As the university prepares to remove 14 dioramas depicting Native American cultures out of the Exhibit Museum of Natural History, members of the public can learn why the 50-year-old displays have raised concerns from both native and non-native visitors.
Philip Deloria, professor of history and professor of American culture, talks about new messages placed among 14 dioramas depicting Native American culture at the Exhibit Museum of Natural History. (Photo by Scott Galvin, U-M Photo Services)

New overlay messages placed on and around the dioramas supplement text long presented with the fourth floor hallway displays, which depict Native Americans in miniature, engaged in various historical activities.

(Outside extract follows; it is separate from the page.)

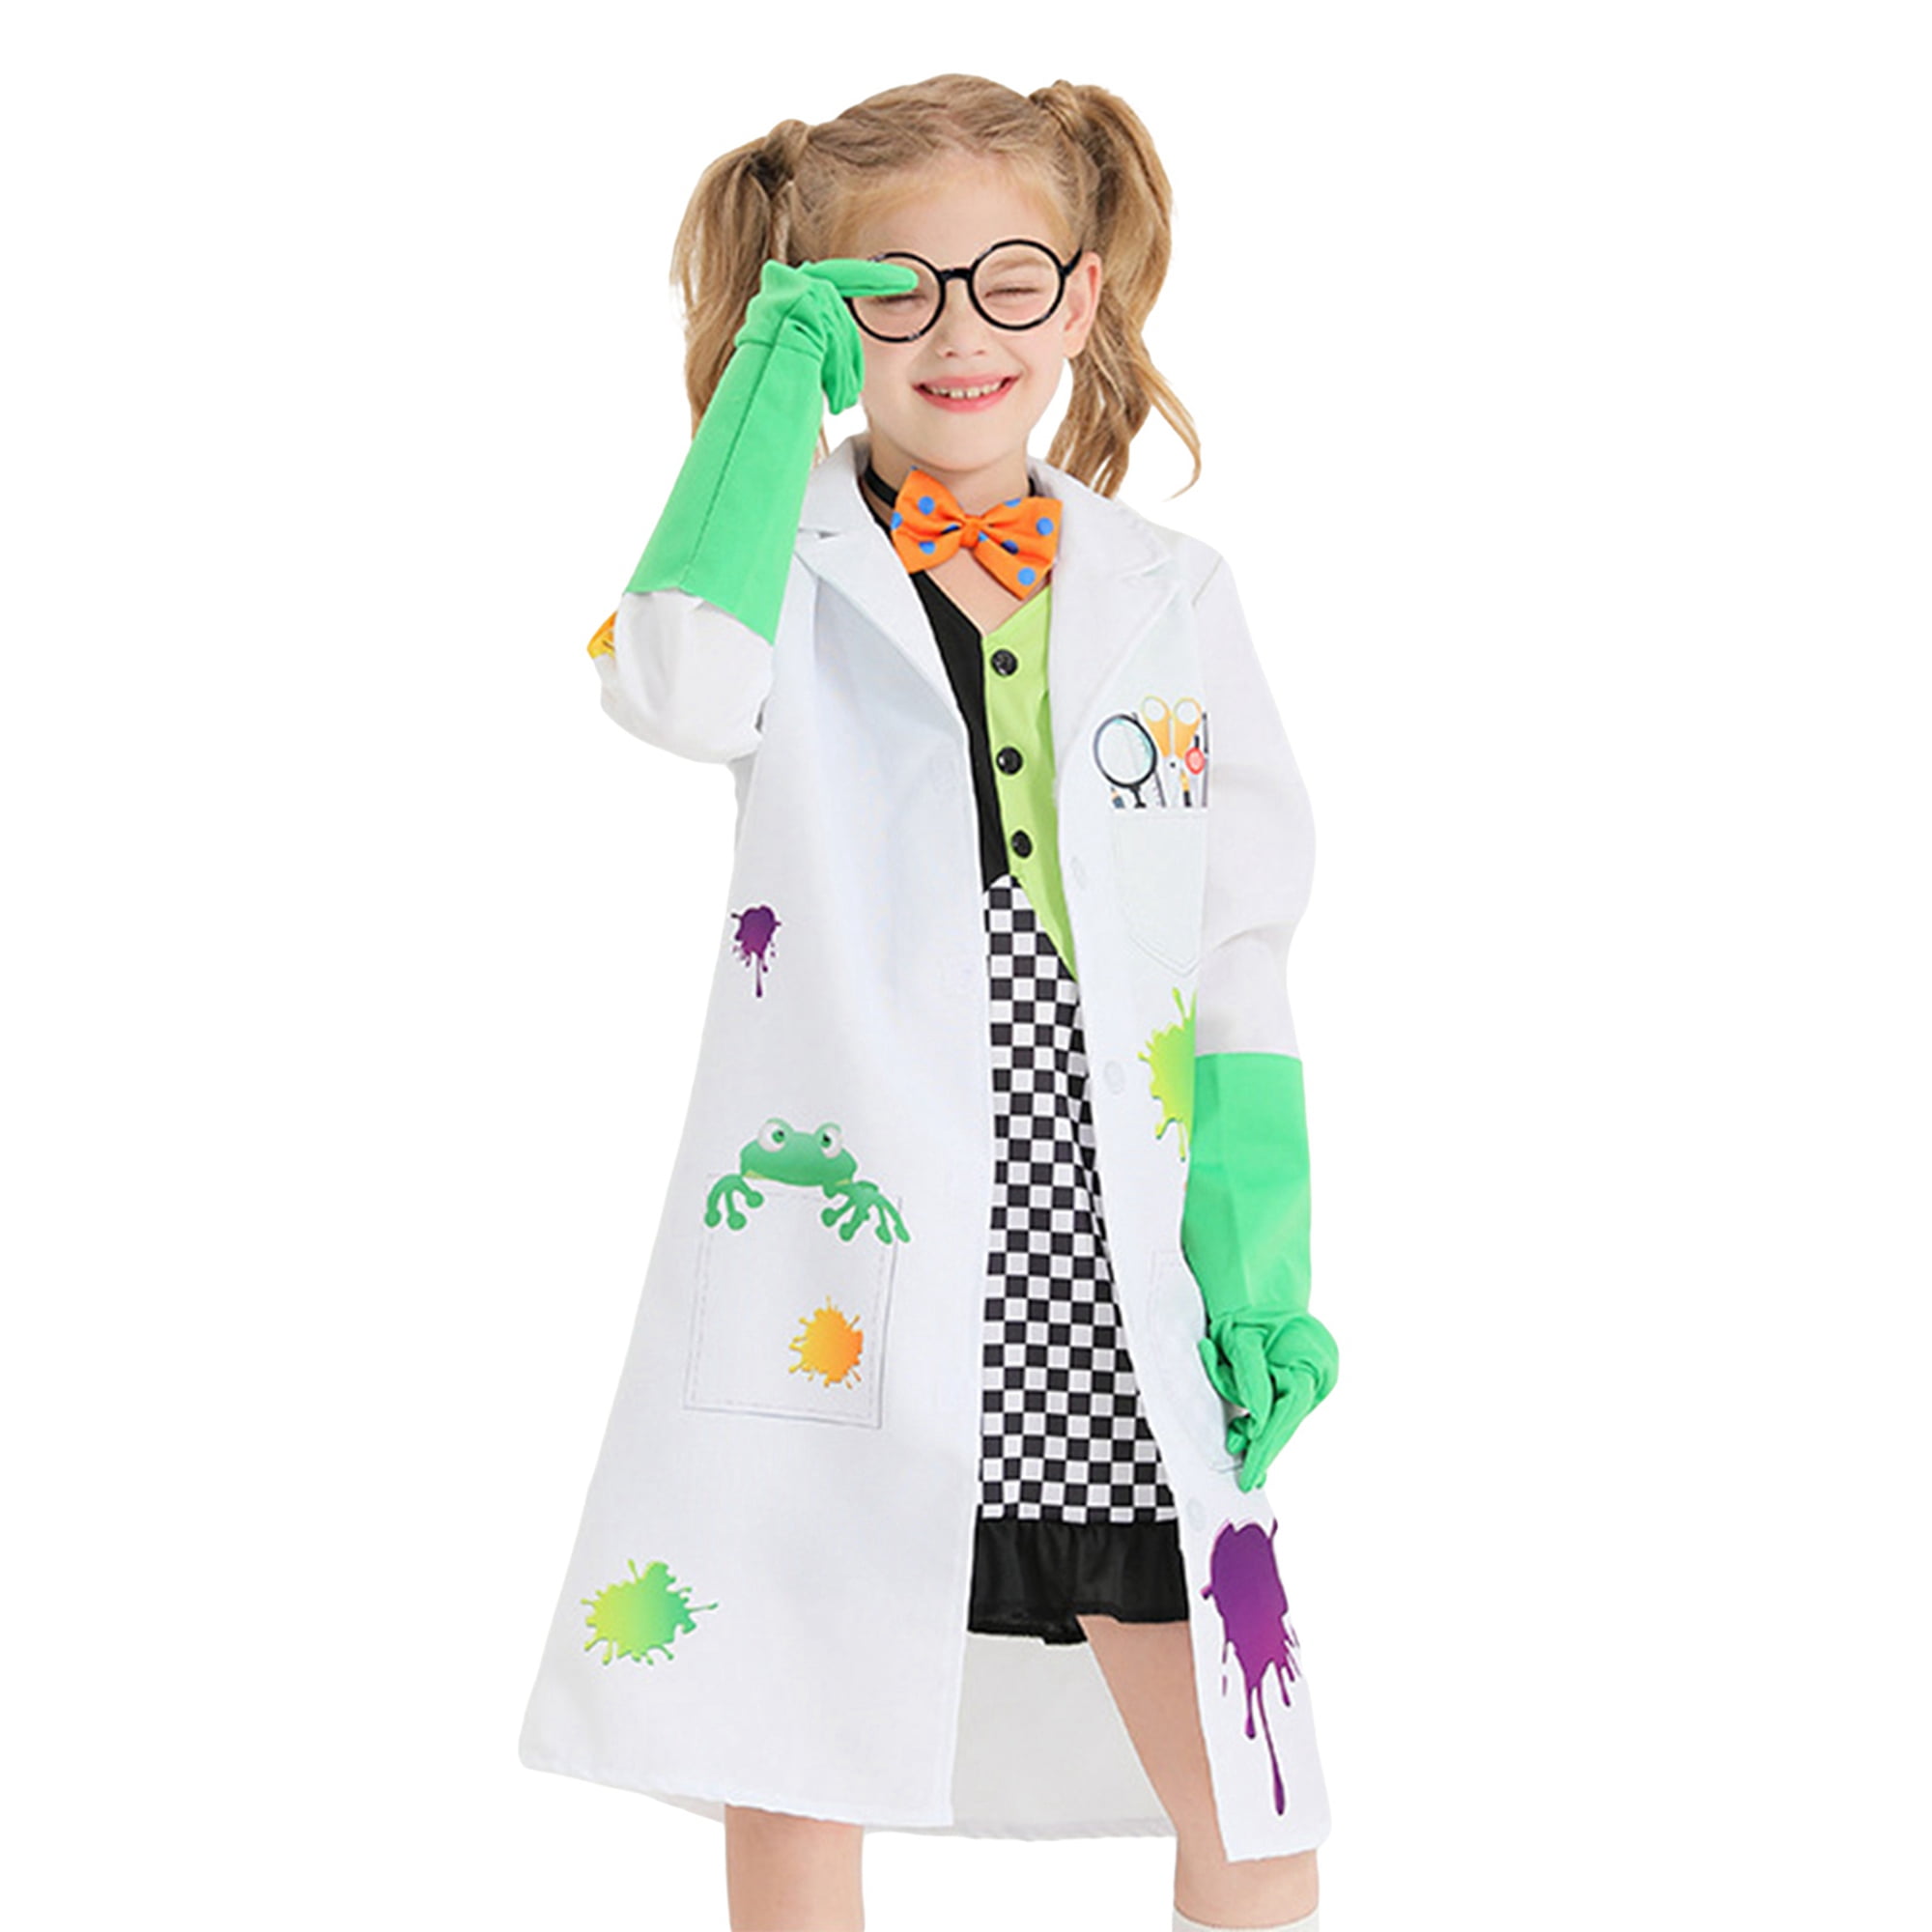 Lewtemi Set of 6 Halloween Doctor Scientist Lab Costume Kit for Kids Role Play Set for Toddler Boys Girls Gifts (8-10 Years)
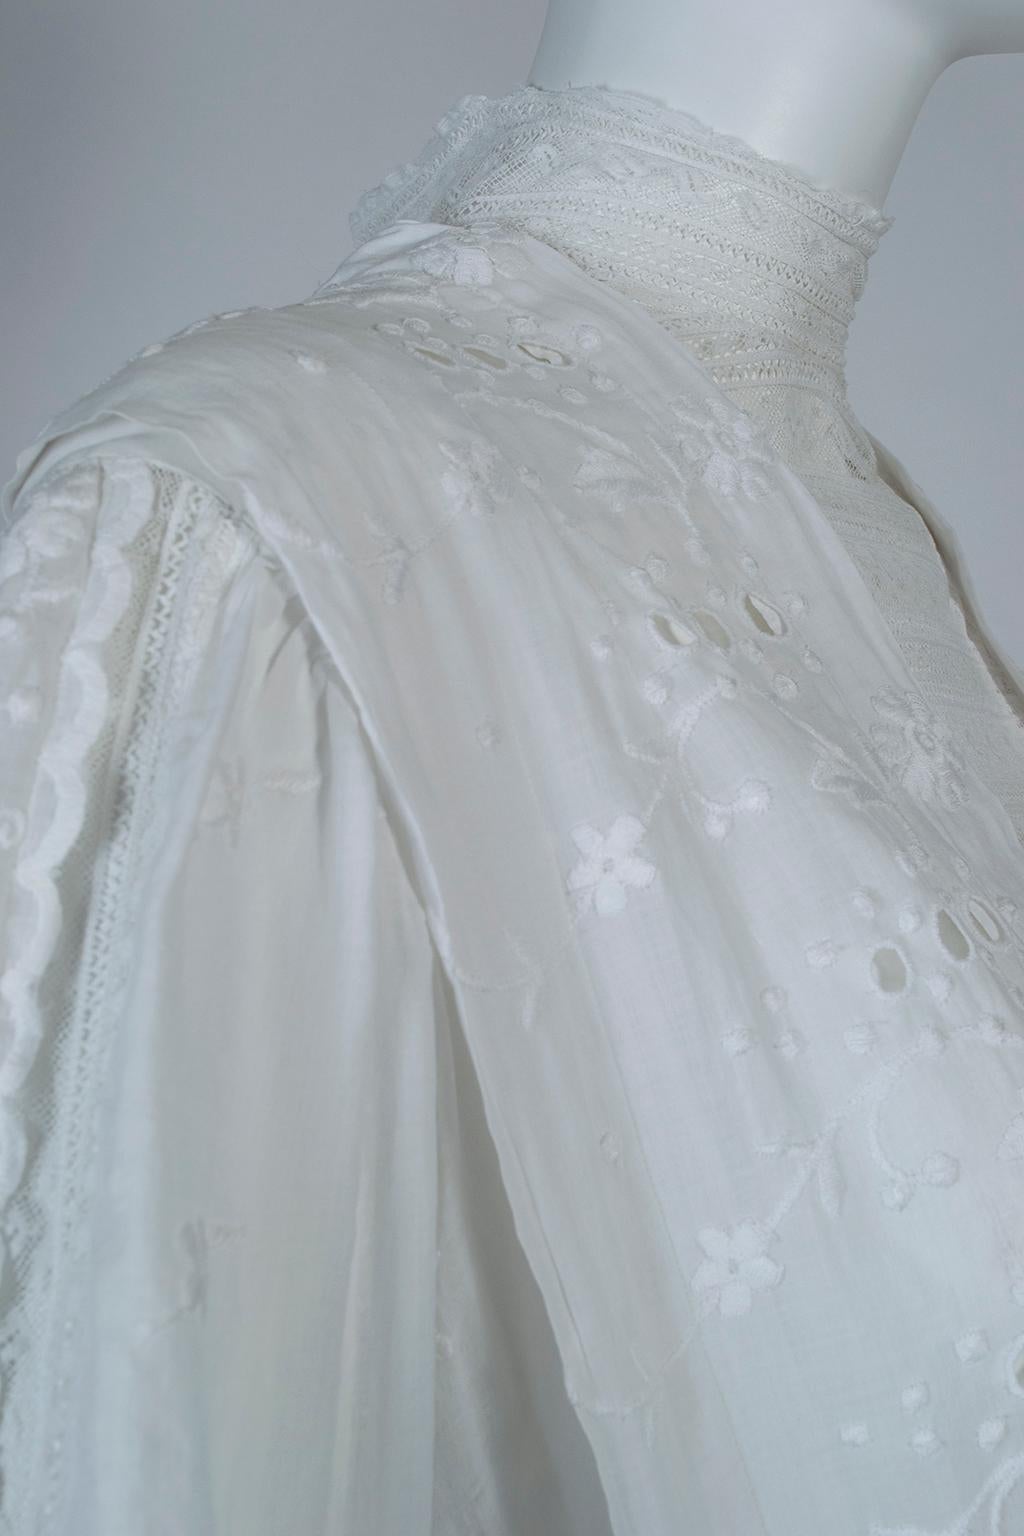 Victorian White Eyelet and Lace Shoulder Pleat Afternoon Tea Dress - M, 1880s 2

"We were concerned that we were leaving the impression that Native Americans are extinct, just like the dinosaurs on the second floor," said Museum Director Amy Harris. She said museums around the world have also been facing issues about the depiction of native populations.

"Each of these Native American dioramas purports to represent an entire culture, inevitably resorting to stereotypes and simplification," Harris said. "This overlooks the vast multiplicity of real people, who lived in real time, and whose descendants continue on in modern society."

The interpretive overlay has received its own exhibit title, Native American Dioramas in Transition. Written messages — affixed to the diorama glass —address concerns, suggest new ways of learning about native cultures and provide an opportunity for comment.

The dioramas and the interpretive exhibit overlay will remain on display through Jan. 4, when they will be moved to storage.

Harris made the decision to remove the dioramas with the support of LSA Dean Terry McDonald and the faculty in the Native American Studies Program. "This decision is guided by the university's and the Exhibit Museum's dedication to advancing scholarship and best practices, collaboration, and support of our diverse community," Harris said.

Philip Deloria, professor of history and professor of American culture, LSA, was among those working on this issue. "There were a lot of stakeholders who were consulted, it was an incredibly thorough process," Deloria said. Among those surveyed were teachers, children, an anthropologist and members of the native community.

Harris said there was added incentive to make the change in this particular year, as it has been identified as the LSA theme year Meaningful Objects: Museums in the Academy.

The Native American dioramas were completed by Robert Butsch in 1969. Harris said that while the dioramas have been popular with many visitors, concerns had been raised over their context in a natural history museum and the stereotyping and oversimplification inherent in the diorama as a display technique.

"Each generation of scholars finds more effective ways to gather knowledge and present it accurately to others. Consequently, norms and best practices change over time in all academic areas, including museum studies and Native American studies," Harris said.

"We looked at what other museums were doing, and what the best practices currently are in the museum field. We felt that the best decision was to take them off public display. There are ongoing discussions about future displays in other, more appropriate locations on campus."

A planned overhaul of all exhibits in the museum's 4th floor hallway will focus on earth science, minerals, and astronomy and cosmology, Harris said.